Press Release

Working America Initiates Face-to-Face Conversations with Working-Class Voters in Ten States


09/23/2018

WASHINGTON, D.C. – Ahead of the 2018 elections, Working America is gearing up to hold more than 200,000 face-to-face conversations with working-class voters in ten states. It will apply its innovative integration of traditional field organizing with analytics and digital communications to increase targeting precision and drive up vote gain for candidates who would best represent the interests of working people, including Abby Finkenauer in Iowa CD-1, Tim Walz in Minnesota, Tom Wolf in Pennsylvania and Richard Cordray in Ohio.

Working America’s doorstep engagement offers a welcome opportunity for voters frustrated by political stagnation to engage in meaningful dialogue about policies that affect their lives such as health care affordability, low wages and crumbling roads and bridges. Our canvass contact also generates ways to sustain the relationships established at the door and build institutional power over time.

Since the 2016 election, Working America canvassers have visited over a million front doors and have had more than 420,000 conversations with working-class people of all backgrounds.

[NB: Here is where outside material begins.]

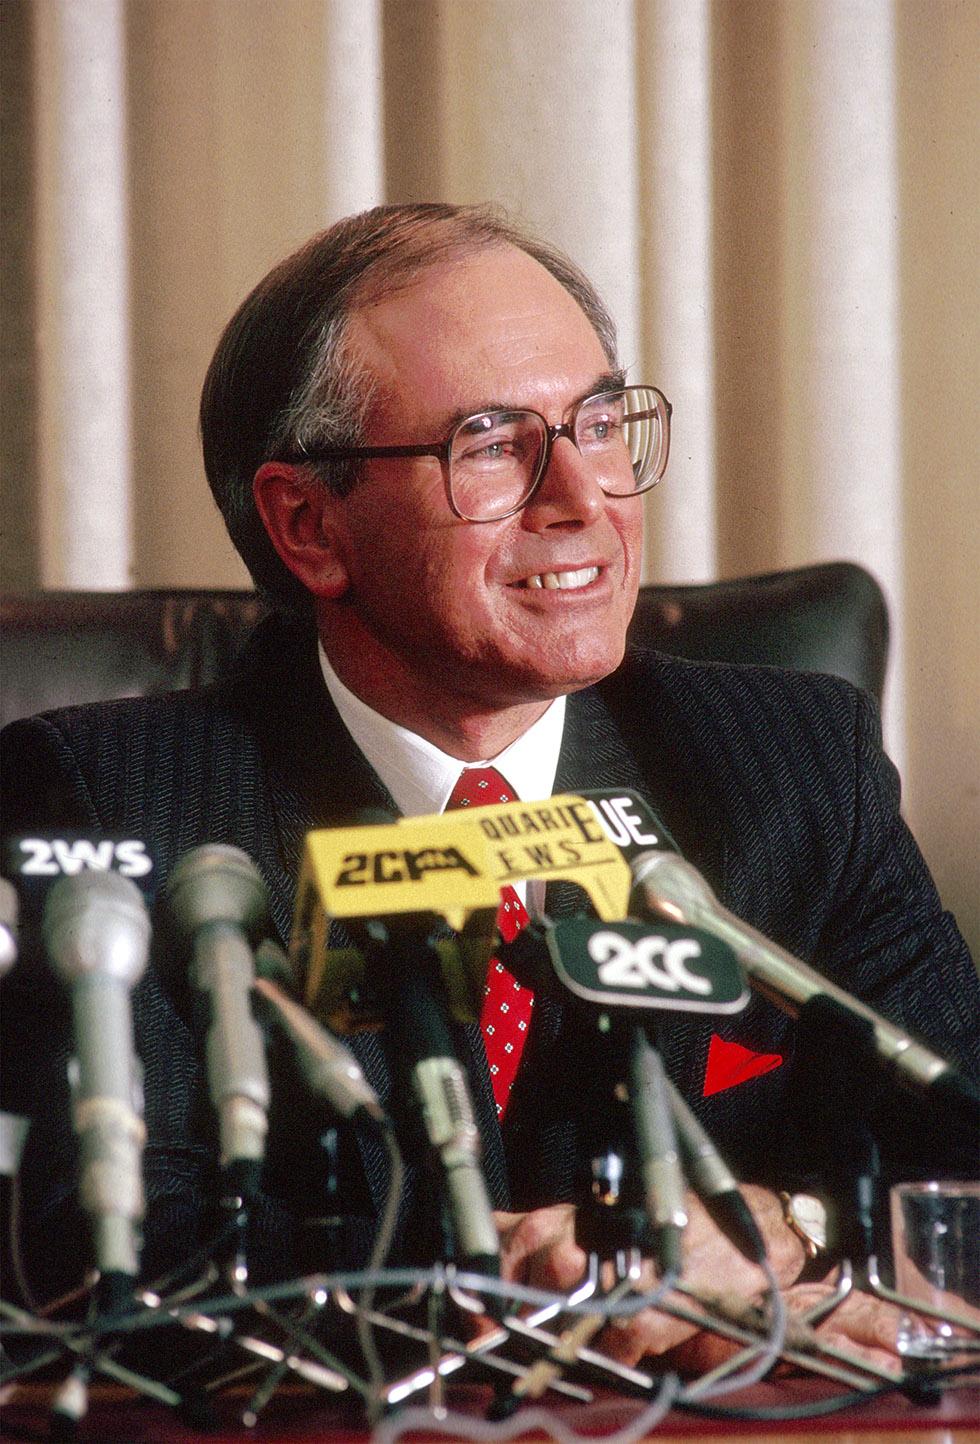 John Howard, Leader of the Opposition, at a Liberal Party press conference in 1987.

WHAT:   Canvassing observation opportunities in ten states ahead of 2018 elections

WHO:   Persuadable, working-class voters and professional Working America canvassers

WHEN:   Now — Nov. 6, 2018

TOP CITIES:  Cedar Rapids, IA; Detroit, MI; Minneapolis, MN; Cleveland, OH; Columbus, OH; Philadelphia and Pittsburgh, PA; Jacksonville, FL; and Albuquerque, NM

Clinical testing shows Working America’s high-impact conversations at the door persuade even in the noisiest campaign environments. An authoritative analysis by David Broockman and Josh Kalla released last fall comparing nine Working America campaigns to 40 other clinical experiments measuring all major forms of voter communication validated the effectiveness of our program. By identifying which voters were most persuadable and engaging in sustained organizing, the research showed that even in battleground states saturated with campaign communication, we were able to uniquely move opinions in 2016 in places such as Ohio and mobilize Democratic voters in places such as North Carolina at far higher rates than expected.


Since 2003, Working America has mobilized working people who don’t have the benefit of a union at work to fight for good jobs and a fair economy. As the 3-million-member community affiliate of the AFL-CIO, we unite working people in urban, suburban and rural communities around a shared economic agenda.